- _INPUT_
Content starts
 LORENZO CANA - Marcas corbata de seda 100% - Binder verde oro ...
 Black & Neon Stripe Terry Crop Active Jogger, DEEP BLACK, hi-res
Content ends
Content starts
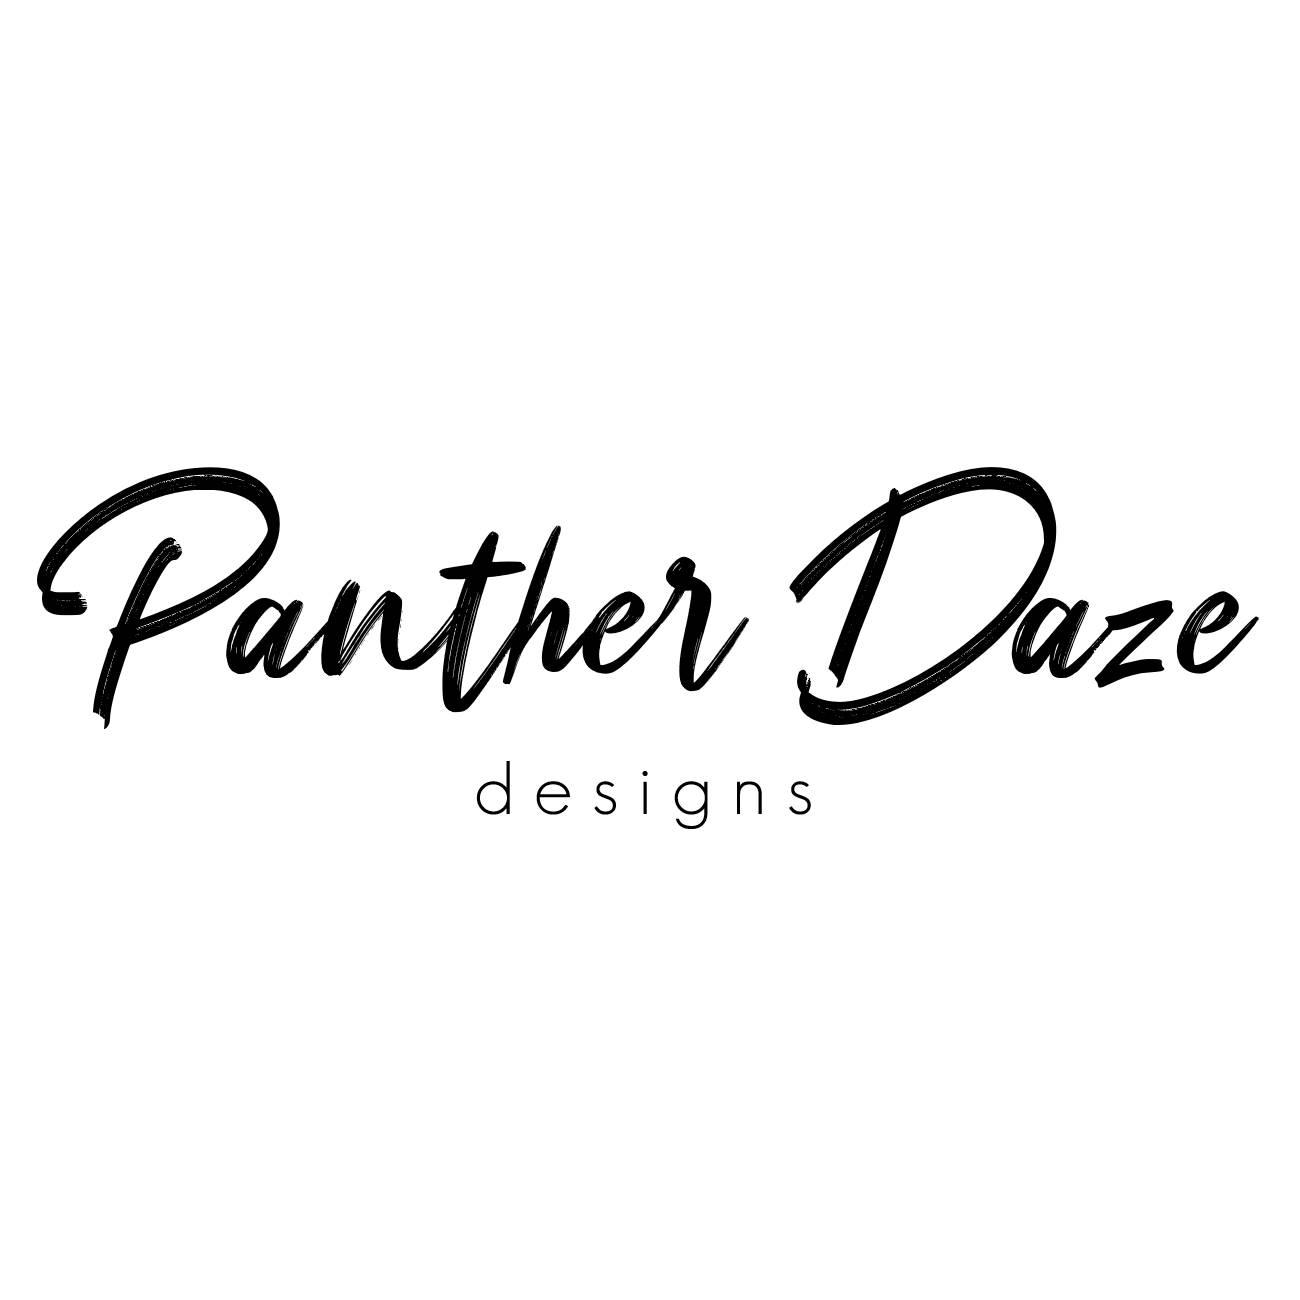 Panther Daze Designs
Content ends
In the listing above, find the line containing "LORENZO CANA - Marcas" and the line containing "Black & Neon". Output them and every line between, exactly, and nothing else.

- _TASK SOLUTION_
 LORENZO CANA - Marcas corbata de seda 100% - Binder verde oro ...
 Black & Neon Stripe Terry Crop Active Jogger, DEEP BLACK, hi-res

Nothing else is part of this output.